[Opendnssec-develop] HSMs use UTF-8 characters

Tue May 20 14:20:50 UTC 2014

Hi Matthijs and Sion,

I am working on the libhsm code, auditing it.  One thing I am running into is character sets.  PKCS #11 uses RFC 2279 strings (older UTF-8 style) and the other code assumes ASCII.

There are two ways out of this:
 - only support ASCII — thus constraining token labels and PIN codes
 - pass UTF-8 codes to the libhsm-user as wide characters

When we only wish to support ASCII, we should reject other content, or remove character codes > 0x80 because we do not interpret them along the lines of RFC 2279.

When we decide to support rfc2279, we should use the facilities in C to represent strings in Unicode, using wchar_t.  This type is supported with a lot of compiler functions, including printf (“%ls”, my_wide_string).  It is defined in a compiler-dependent manner, but must be able to carry all compiler-supported locales.
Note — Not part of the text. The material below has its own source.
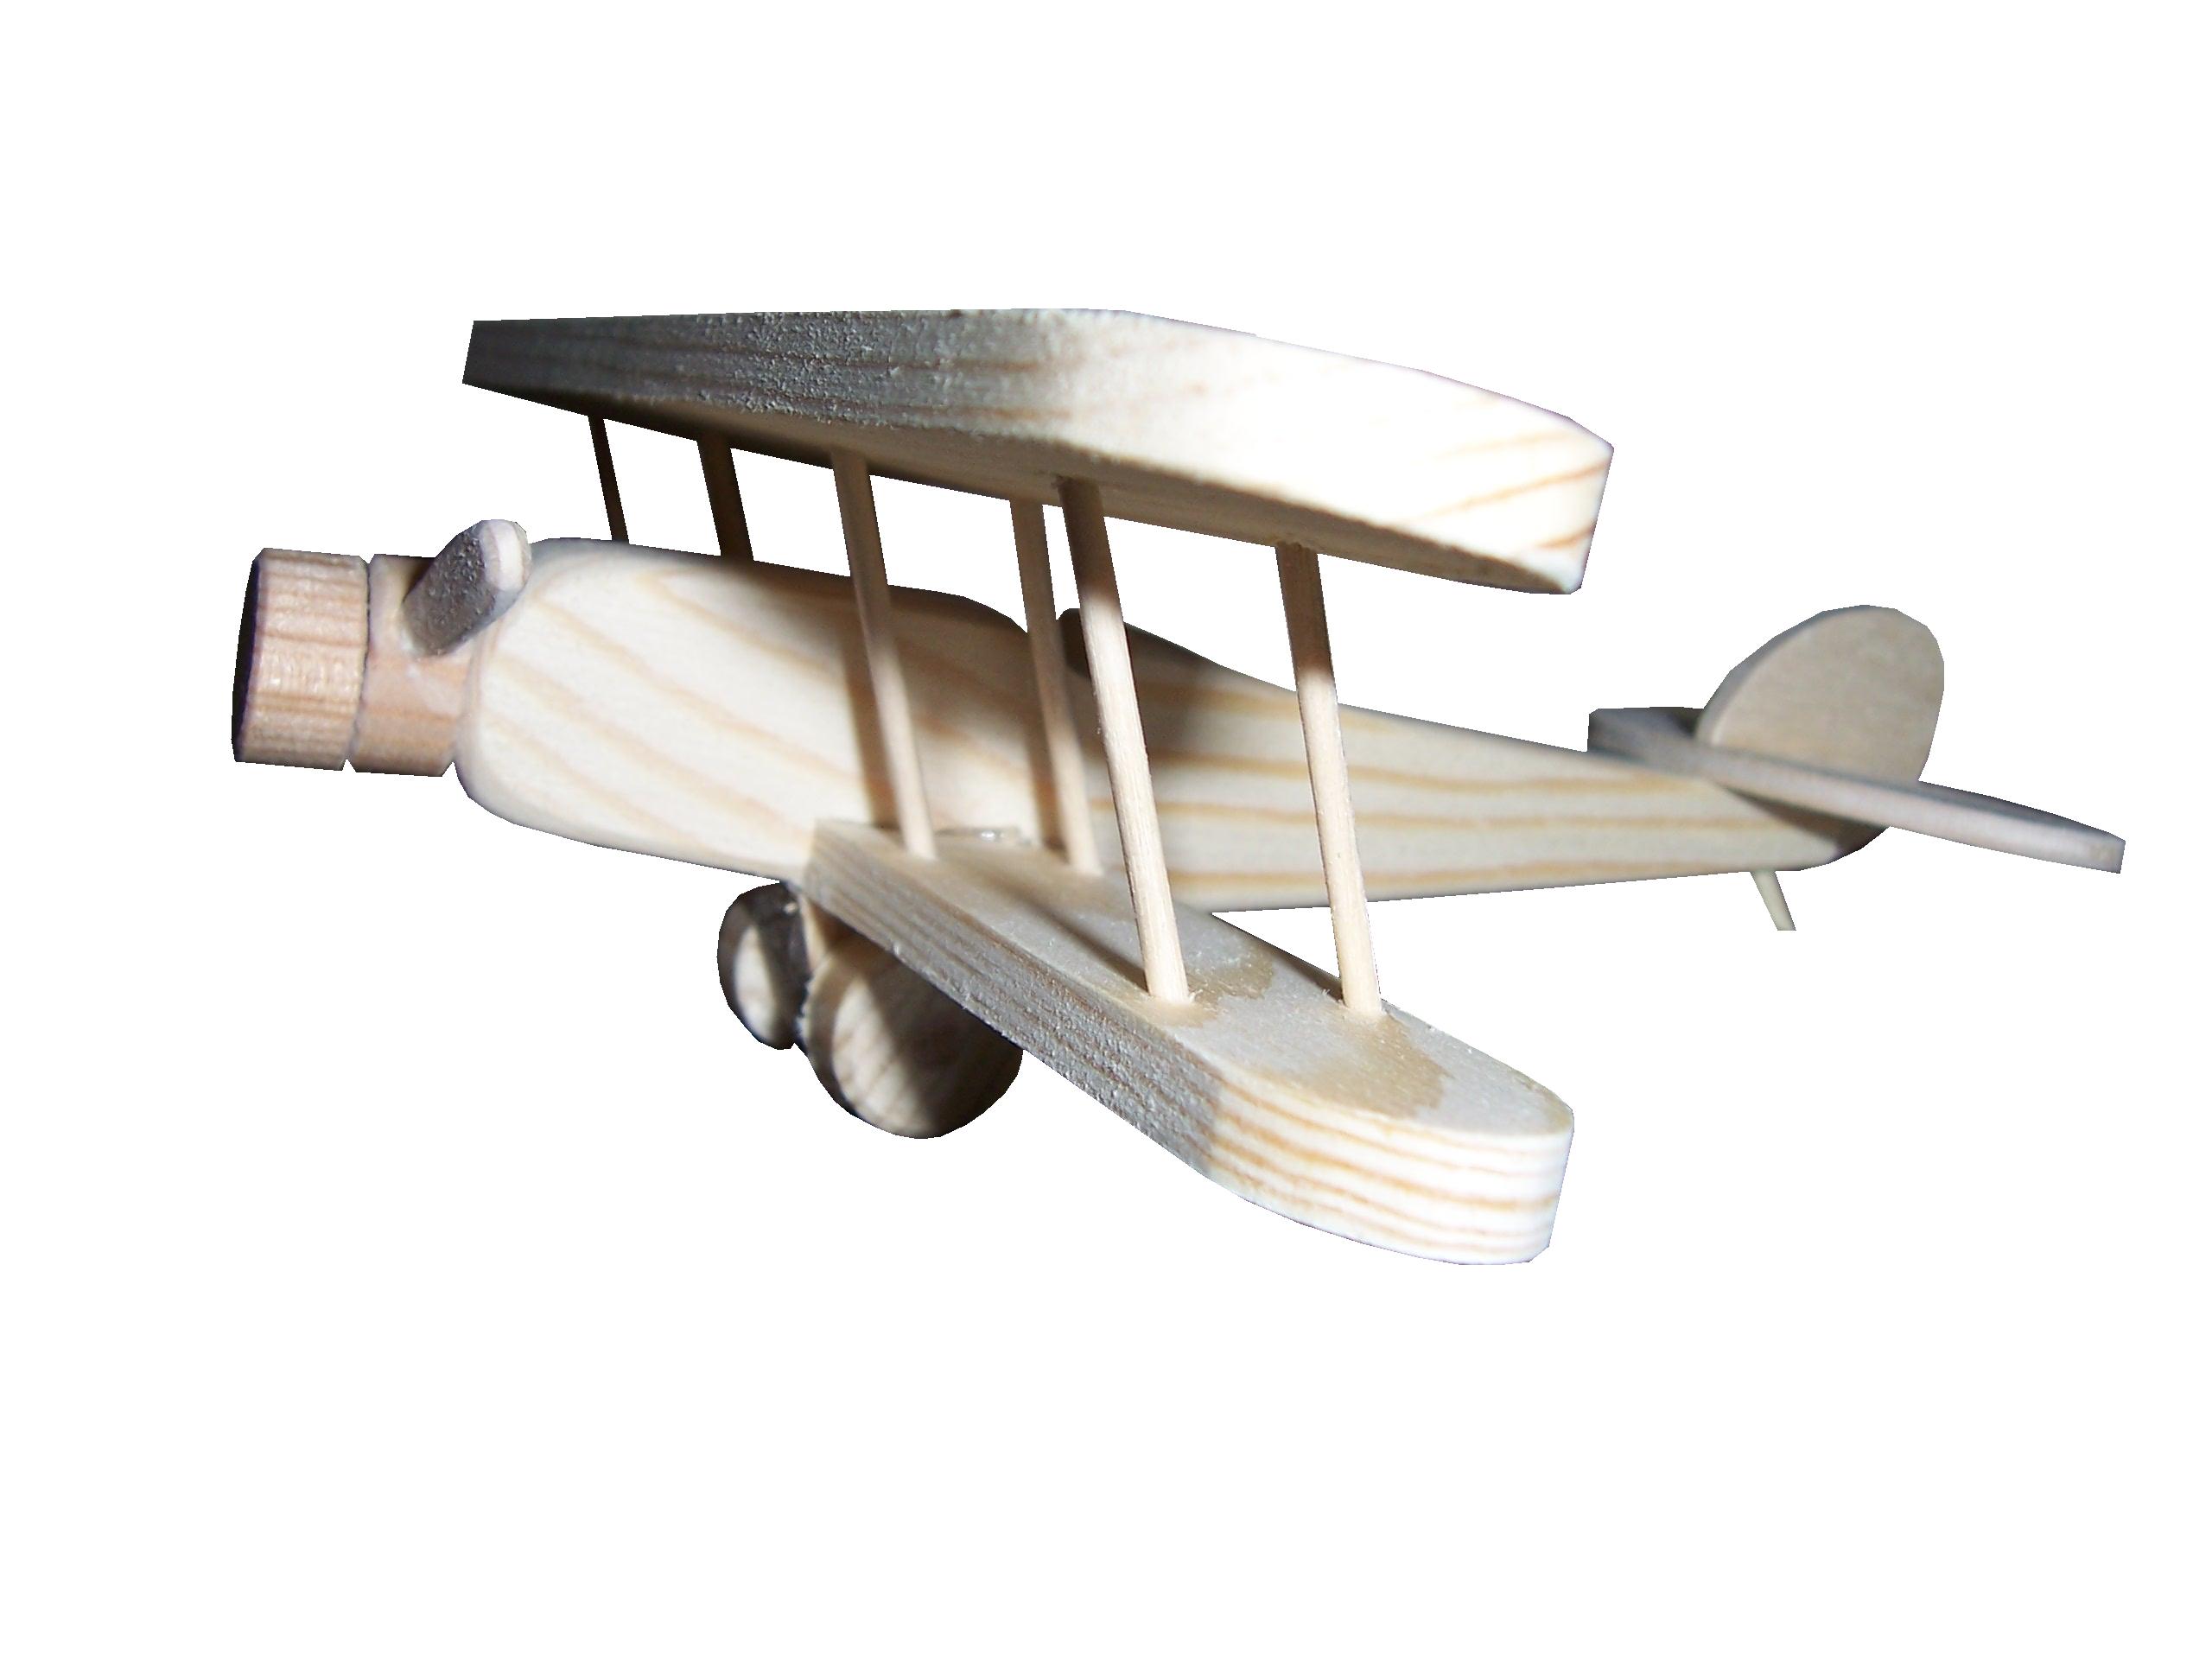 lietadlo Nieuport

We cannot ignore UTF-8 like we have to date.  There are a few openings for potential abuse, possibly in token labels or entered PINs:
 * Describe the ‘\0’ character in an UTF-8 code of more than one byte, none of which is 0x00, and cause confusion elsewhere
 * Place a more-bytes-to-follow code before the ‘\0’ (ASCII NUL) that ends a C-string — except when using a (bad but imagineable) UTF-8 interpreter
 * Strings may be provided under RFC 2279 and interpreted under RFC 3629 or ASCII (which are both stricter, a subset of RFC 2279)

I think we should continue to accept the UTF-8 coding of PKCS #11 but then communicate to libhsm using programs with wchar_t instead of char, and change the routines that print it to %ls instead of %s, and perhaps a few other changes are needed to integrate with the locale.  Does this sound like the right choice?

Cheers,
 -Rick